Auckland halfback Emma Jensen chases her fourth World Cup rugby triumph when the Black Ferns defend their title in France next month.
And the 36-year-old - who heads the PE department at Epsom Girls Grammar School - intends to continue playing after that. Jensen, of Hawkes Bay origins, talks to the Weekend Herald.
Your World Cup final victories have all been against England - are there any other challengers?
Others are definitely getting better. Ireland won the Six Nations and have beaten England a couple of times. France are like their men's team - they can perform on the day. Canada are up and coming. The inclusion of sevens in the Olympics has brought more countries forward.
Your World Cup highlight?
Beating England last time. They claimed their forwards would dominate us in the set piece and they finally had the speed on us in the backs. We put on a very complete performance.
The first time we lost to England - I didn't think it was going to happen in my career. We lost some mystique. We had new personnel and not enough preparation time to gel - with both losses to them at Twickenham. Since then we have reclaimed that family feeling.
How have you done that?
Experienced players stood up ... we've relayed critical messages about what makes us such a good team to the new players. Past players including Rochelle Martin and Farah Palmer have made presentations. Rochelle lost everything in a burglary which she said brought home how much her medals and jerseys meant to her. Farah talked about the culture of the team, where we had started from ... we've worked hard at restoring key values of the Black Ferns.
Did you have a childhood hero?
Kelly Slater (Australian surfing legend).

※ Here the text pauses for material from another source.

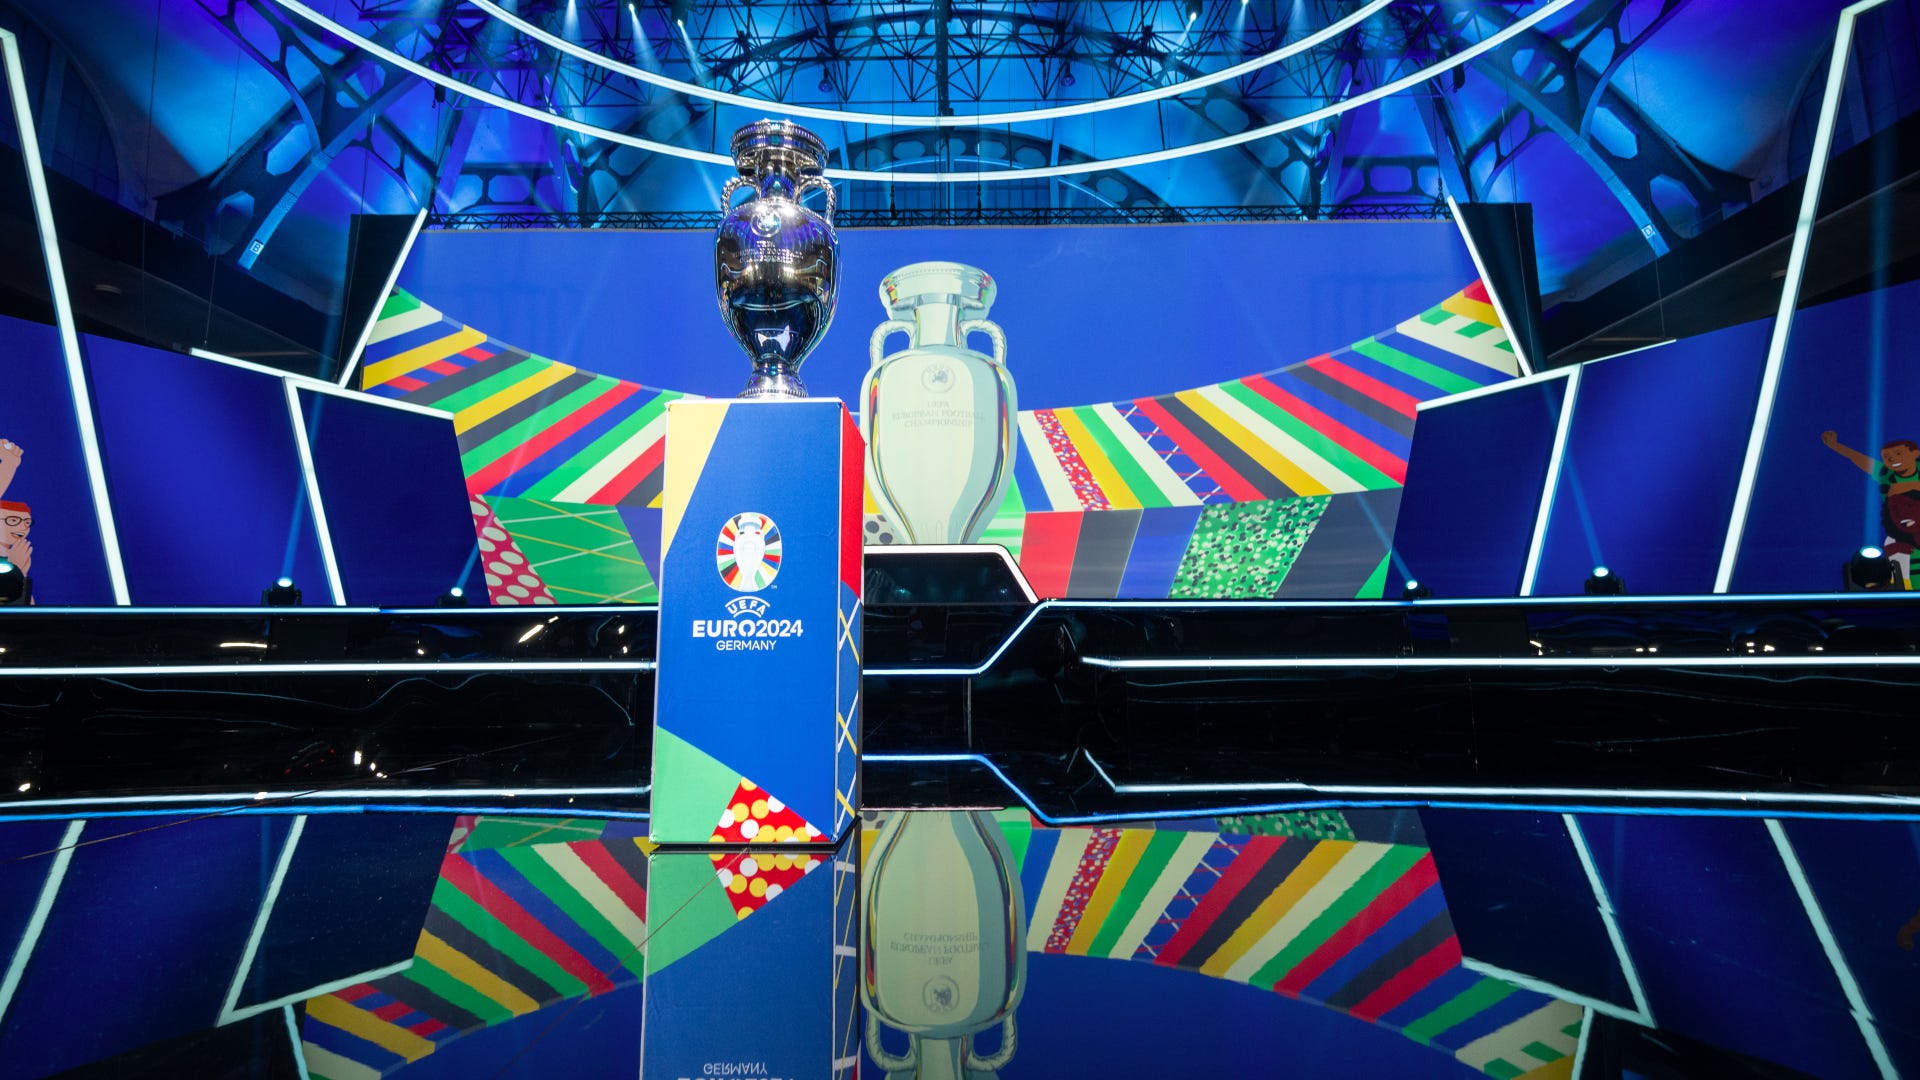 Definidos dos grupos das Eliminatórias para a Eurocopa 2024!
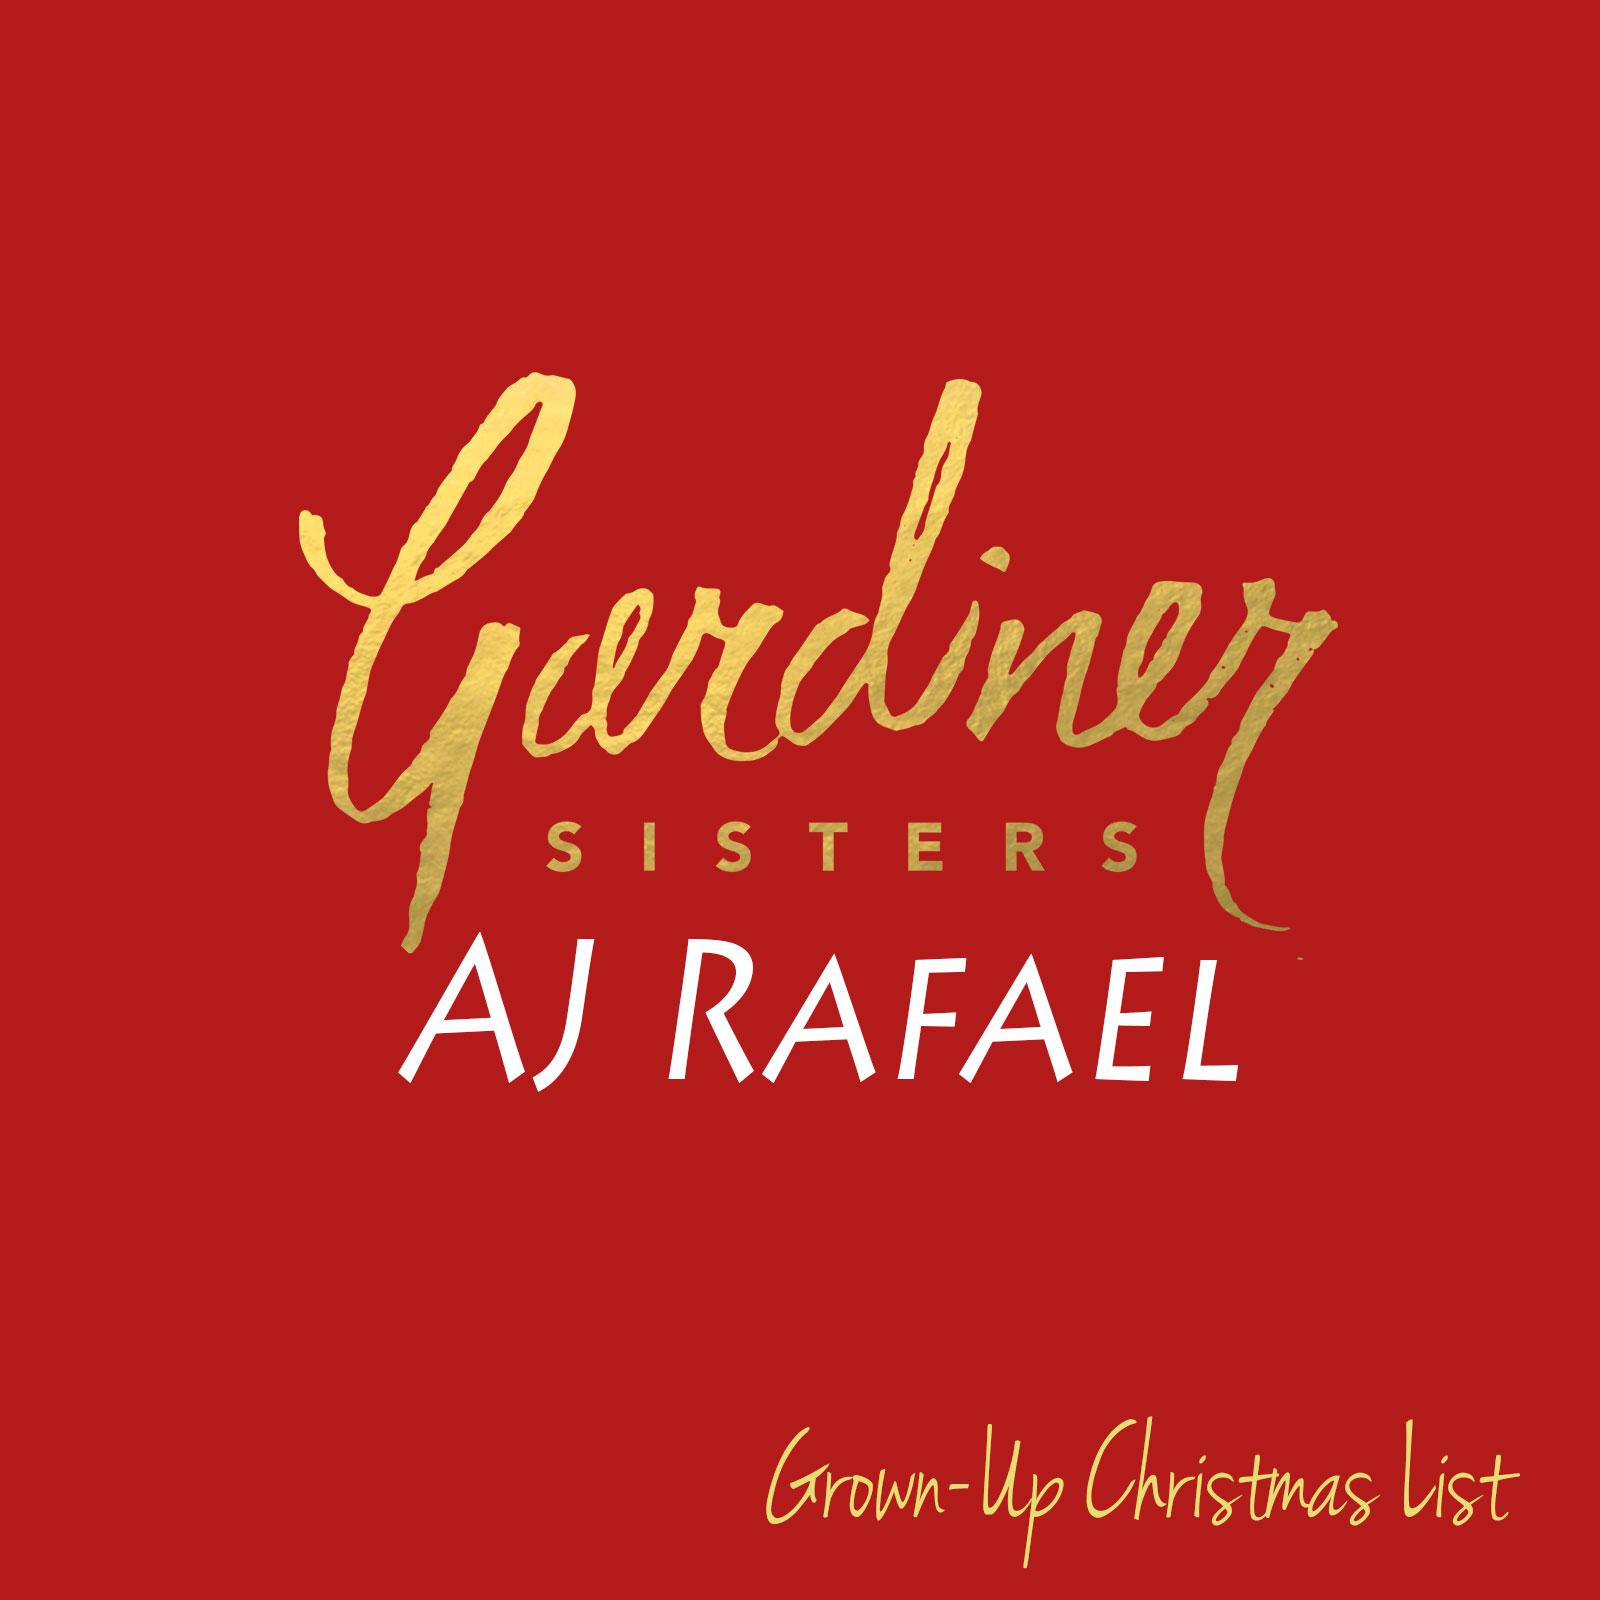 AJ Rafael - Grown-Up Christmas List

Surfing is my other passion. I loved how consistent he was.
You have played for an Italian club ...
The Italians are just so passionate. Something would happen on the field and they would go off verbally with their hands waving. We took an overnight train to Rome for a game and the girls got me a croissant and coffee for breakfast. I was expecting spaghetti on toast. I thought 'how can I play on that?'
Who is a character in the team?
Victoria Subritzky-Nafatali is a laugh. On one tour she took a cuddle-buddy thing that looked like a cow as her pillow on the plane. She gives out strange nicknames - she started calling me E-Duzel recently. I've got no idea what it means. I hope it doesn't stick.
Has the game got tougher?
Yes. My body is a lot sorer these days.
What would you like to see changed in rugby?
The coverage we get and for all women's sport. I can understand the issues, but the Black Ferns have won four World Cups in a row and people don't know about it. When people do watch us play, they are quite surprised by the quality. The inclusion of sevens in the Olympics has created positive media for us.
Do you get paid?
On tour and in official camps. The amount changes. I hope one day there are contracts and the game is regarded as semi-professional. My school is supportive - it sees me as being a bit of a role model for the girls. Some players do struggle though.
If I play in the maximum five World Cup games I'll be on 46 tests - there is an incentive to become the first to reach 50. If I'm still enjoying it, I'll keep playing.